How Data Teams Drive Business Success by Understanding Core Metrics
A key responsibility for any data team is to understand the core metrics driving their business.
Starting from the top, these metrics often include figures like gross revenue and expenses. However, these high-level metrics can feel too far removed and abstract from the actual business.
Many companies, therefore, break down these top-line metrics into more specific, actionable ones that collectively build up to key business goals. These “metric trees” reveal deeper layers of context, connecting individual data points to overarching metrics. The further you dive, the more insight you gain into the underlying factors that shape each metric.
In this article, we’ll explore a real-world example of a company’s key metric and how data teams can take a strategic approach to understanding and improving it.
Starbucks’ same-store sales decline
If you’ve been following the latest from America’s favorite coffee seller, Starbucks, you’ll know they recently reported a decline in comparable store sales:
“Starbucks said global same-store sales fell 7 percent for the fourth-quarter that ended in September, with a decline of 6 percent in North America and a 14 percent drop in China.” – Starbucks Reports a Slide in Sales and Traffic – NYT
For the purpose of this article, we’ll focus on comparable store sales, also known as same-store sales or comps. This metric compares a store’s revenue over a specific period to its revenue during a similar period in the past. As with many metrics, the calculation can vary by company, with different organizations including or excluding certain data points.
Now that you’ve got a basic understanding, the next question is: what underlying metrics drive this figure? Luckily, Starbucks provides those as well.
“Comparable store sales 6% decline in U.S. comparable store sales, driven by a 10% decline in comparable transactions, partially offset by a 4% increase in average ticket…Additionally, China comparable store sales declined 14%, driven by an 8% decline in average ticket compounded by a 6% decline in comparable transactions, weighed down by intensified competition and a soft macro environment that impacted consumer spending.” – Starbucks 8-K Oct 30th
These two metrics—comparable transactions and average ticket—are the core components of comparable store sales. This makes sense if you think about it, as comparable transactions represent the number of transactions, while the average ticket reflects the average amount spent per transaction.
Thus, as the 8-K report states, the decline in the U.S. comparable stores was “driven by a 10% decline in comparable transactions, partially offset by a 4% increase in average ticket.” This highlights how a drop in one metric—like the number of transactions—can be somewhat balanced by another, such as average ticket size. In other words, even if fewer transactions occur, increasing either the price of the product or the quantity purchased per transaction can help mitigate the loss. This balance illustrates how underlying metrics interplay to shape the overall key metric.
With a baseline understanding of a company’s key metric, data teams are better positioned to make a strategic impact. Instead of being distracted by projects and ad hoc requests, they can focus on initiatives to improve these metrics—assuming their team has the ability to influence them.

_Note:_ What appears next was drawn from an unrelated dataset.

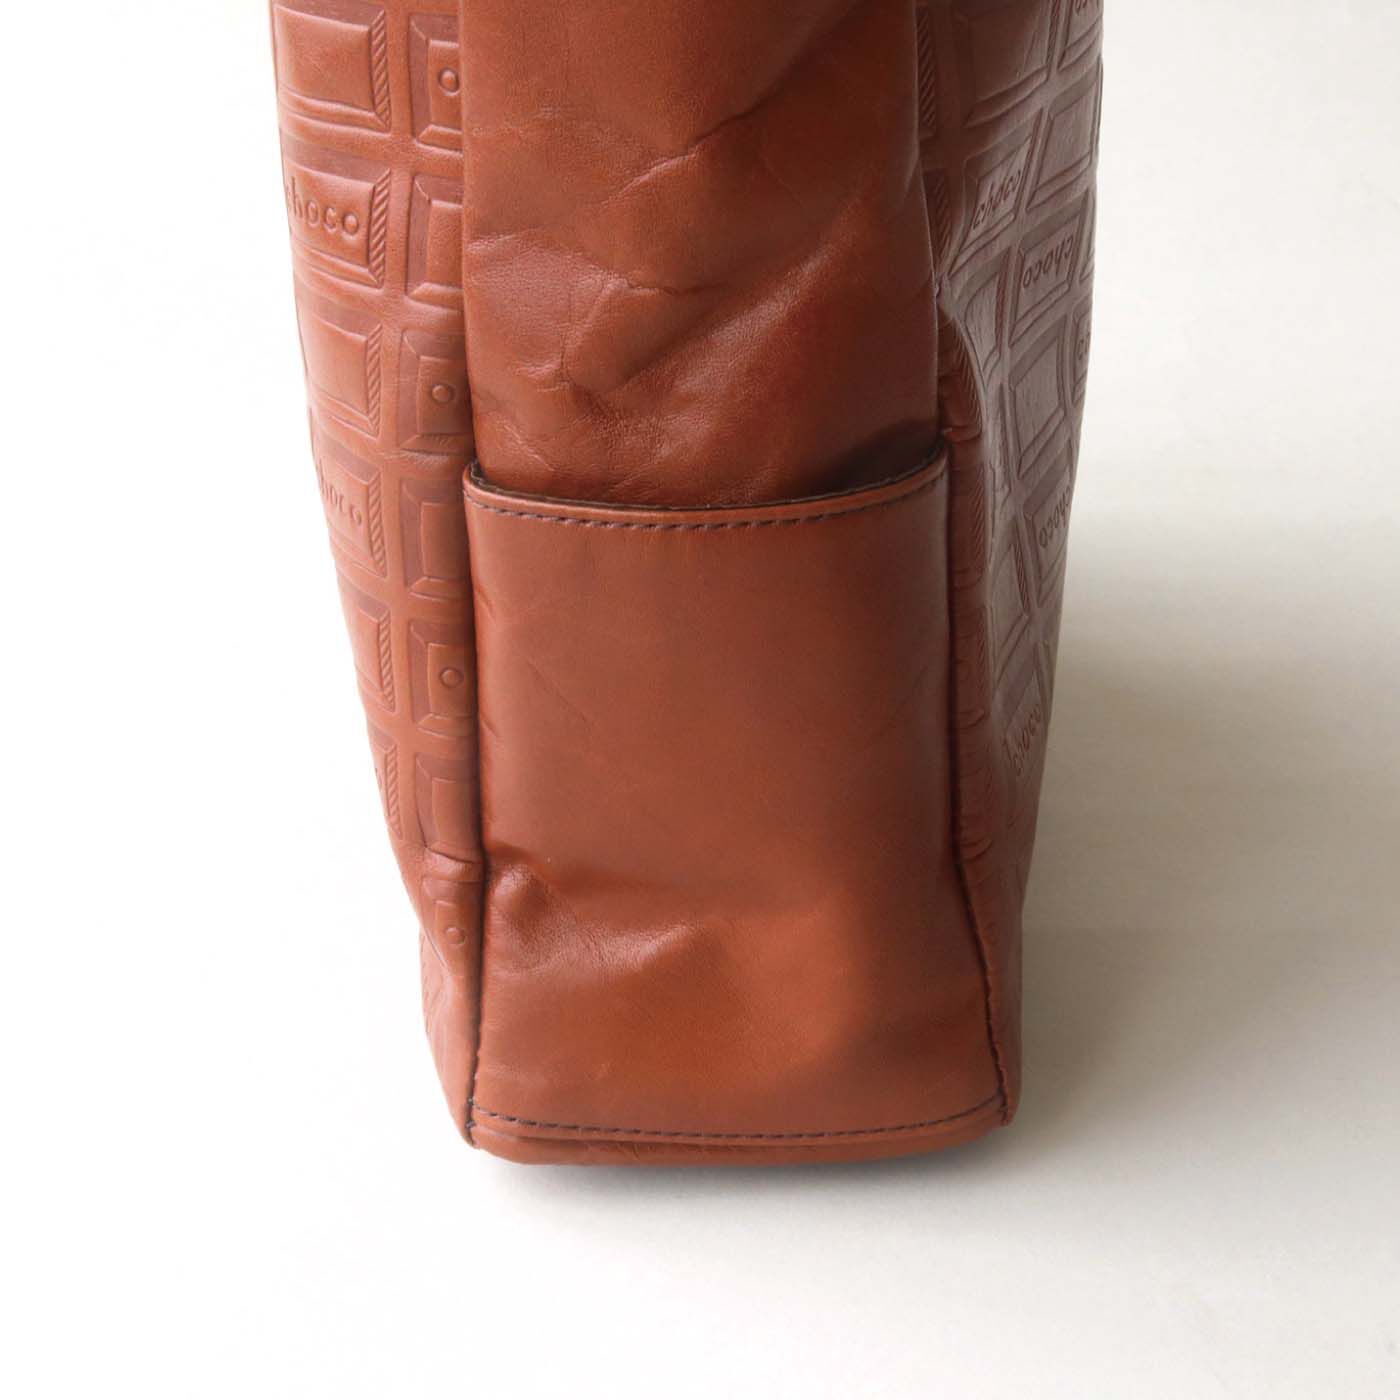 ＆Stories|チョコレートバイヤーと作った　職人本革のトートバッグ〈ブラウン〉|ちょっとしたものを入れるのに便利なポケット。

A data team doesn’t have to be a passive cost center or task-taker. To elevate its role, it must understand the key metrics, the business context, and the technology that can meaningfully impact the top or bottom line. Without that context, even the best data insights are limited in their potential.
Let’s dig into some of that context.
Digging Deeper Into The Facts
One notable line from the 8-K report mentions that Starbucks’ sales decline in China was “weighed down by intensified competition.”
Having recently spent 10 days in China, specifically in the Shanghai/Hangzhou/Suzhou area, my wife and I both wondered why someone might go to Starbucks given the range of popular, more affordable coffee brands available. During our trip, I found myself at two local chains—Luckin Coffee and Manner Coffee—logging around 20 cups in 10 days.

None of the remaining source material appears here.